Question

If y = 2x + k touches $(x - 1)^2 + (y + 2)^2 = 1$, then find k and point of contact (given k > -2).

• A. k = $\sqrt{5} - 4$, Point of contact: $\left(1 - \frac{2\sqrt{5}}{5}, -2 + \frac{\sqrt{5}}{5}\right)$
• B. k = $-\sqrt{5} - 4$, Point of contact: $\left(1 + \frac{2\sqrt{5}}{5}, -2 - \frac{\sqrt{5}}{5}\right)$
• C. k = $\sqrt{5} + 4$, Point of contact: $\left(1 + \frac{2\sqrt{5}}{5}, -2 + \frac{\sqrt{5}}{5}\right)$
• D. k = $-\sqrt{5} + 4$, Point of contact: $\left(1 - \frac{2\sqrt{5}}{5}, -2 - \frac{\sqrt{5}}{5}\right)$

Answer 1

Answer: (A)

k = $\sqrt{5} - 4$, Point of contact: $\left(1 - \frac{2\sqrt{5}}{5}, -2 + \frac{\sqrt{5}}{5}\right)$

Answer 2

The circle $(x - 1)^2 + (y + 2)^2 = 1$ has its center at $C(1, -2)$ and radius $r=1$. The line $y = 2x + k$ can be written as $2x - y + k = 0$. For the line to be tangent to the circle, the perpendicular distance from the center to the line must be equal to the radius. $d = \frac{|2(1) - (-2) + k|}{\sqrt{2^2 + (-1)^2}} = \frac{|4+k|}{\sqrt{5}}$ Setting $d=r=1$: $\frac{|4+k|}{\sqrt{5}} = 1 \implies |4+k| = \sqrt{5}$ This gives two possibilities:

1. $4+k = \sqrt{5} \implies k = \sqrt{5}-4$
2. $4+k = -\sqrt{5} \implies k = -\sqrt{5}-4$

Given the condition $k > -2$: Since $\sqrt{5} \approx 2.236$, $k_1 = \sqrt{5}-4 \approx 2.236 - 4 = -1.764$, which is greater than $-2$. $k_2 = -\sqrt{5}-4 \approx -2.236 - 4 = -6.236$, which is less than $-2$. Thus, we choose $k = \sqrt{5}-4$.

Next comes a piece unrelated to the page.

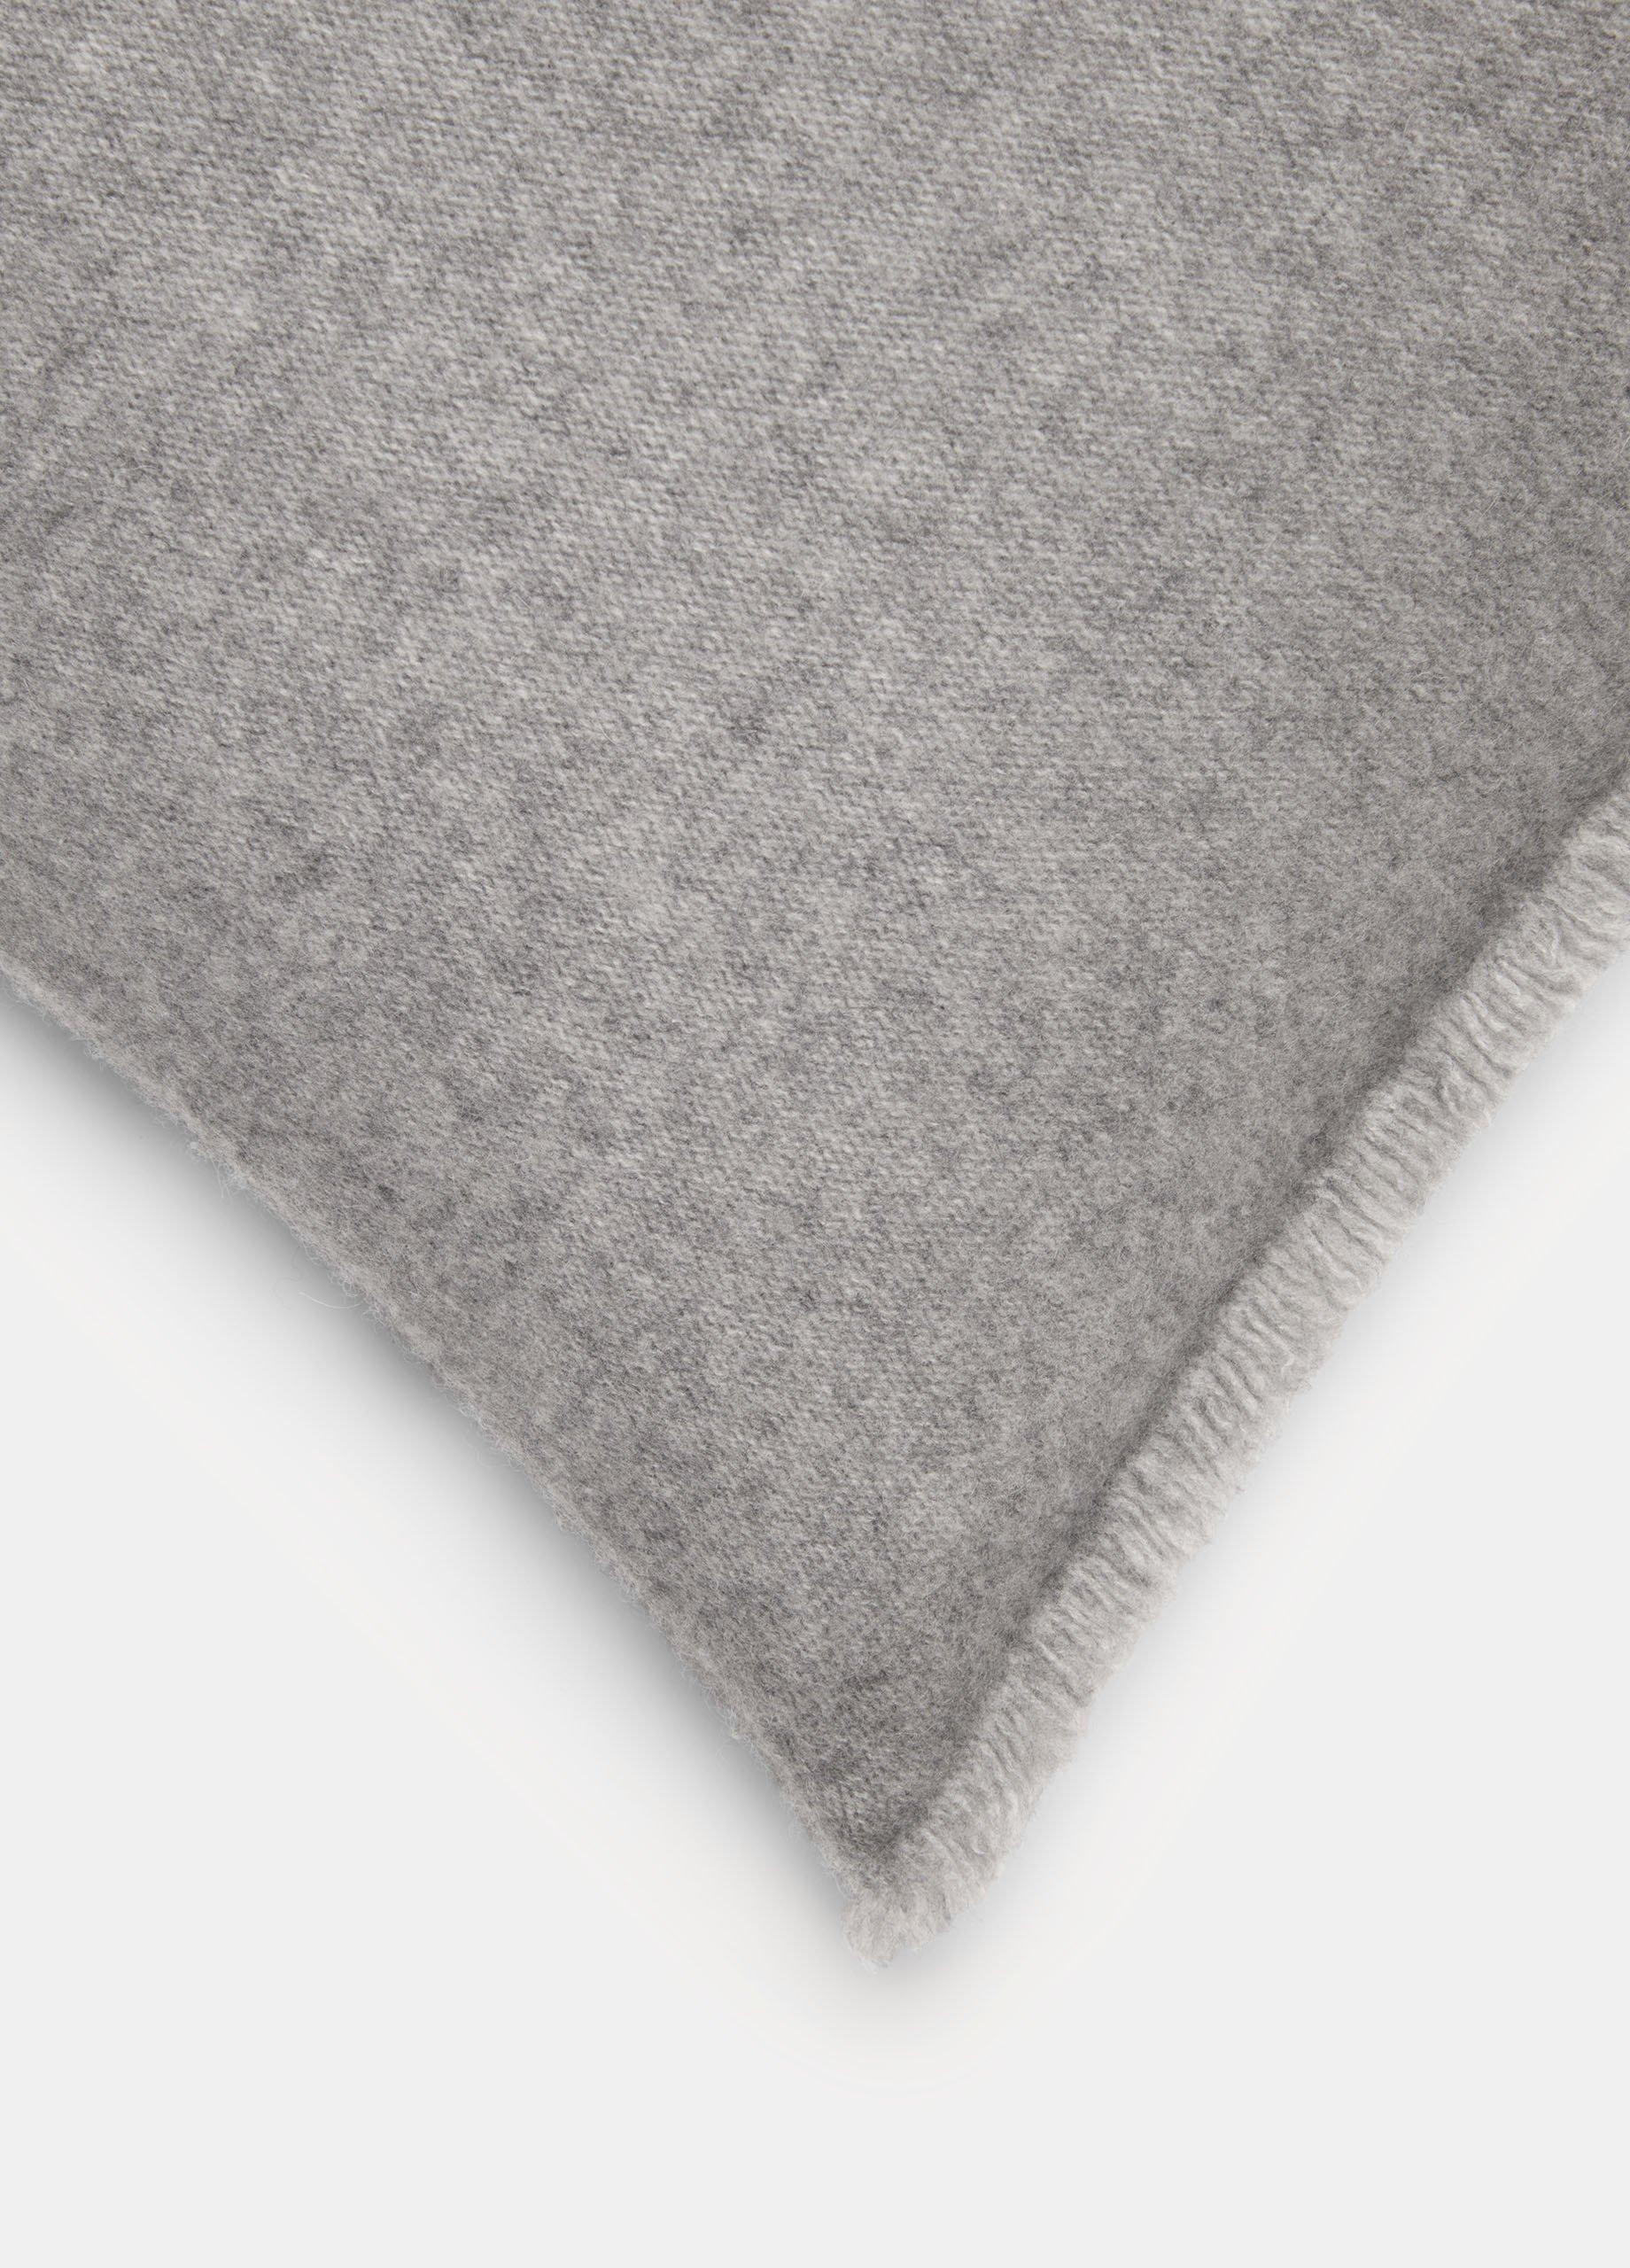 Boiled Cashmere Square Pillow

The point of contact $(x_0, y_0)$ is the foot of the perpendicular from the center $C(1, -2)$ to the tangent line $2x - y + (\sqrt{5}-4) = 0$. Using the formula for the foot of the perpendicular: $\frac{x_0 - x_1}{A} = \frac{y_0 - y_1}{B} = -\frac{Ax_1 + By_1 + C}{A^2 + B^2}$ $\frac{x_0 - 1}{2} = \frac{y_0 - (-2)}{-1} = -\frac{2(1) - 1(-2) + (\sqrt{5}-4)}{2^2 + (-1)^2}$ $\frac{x_0 - 1}{2} = \frac{y_0 + 2}{-1} = -\frac{2 + 2 + \sqrt{5}-4}{4+1}$ $\frac{x_0 - 1}{2} = \frac{y_0 + 2}{-1} = -\frac{\sqrt{5}}{5}$ Equating the first part with the result: $\frac{x_0 - 1}{2} = -\frac{\sqrt{5}}{5} \implies x_0 - 1 = -\frac{2\sqrt{5}}{5} \implies x_0 = 1 - \frac{2\sqrt{5}}{5}$ Equating the second part with the result: $\frac{y_0 + 2}{-1} = -\frac{\sqrt{5}}{5} \implies y_0 + 2 = \frac{\sqrt{5}}{5} \implies y_0 = -2 + \frac{\sqrt{5}}{5}$ The point of contact is $\left(1 - \frac{2\sqrt{5}}{5}, -2 + \frac{\sqrt{5}}{5}\right)$.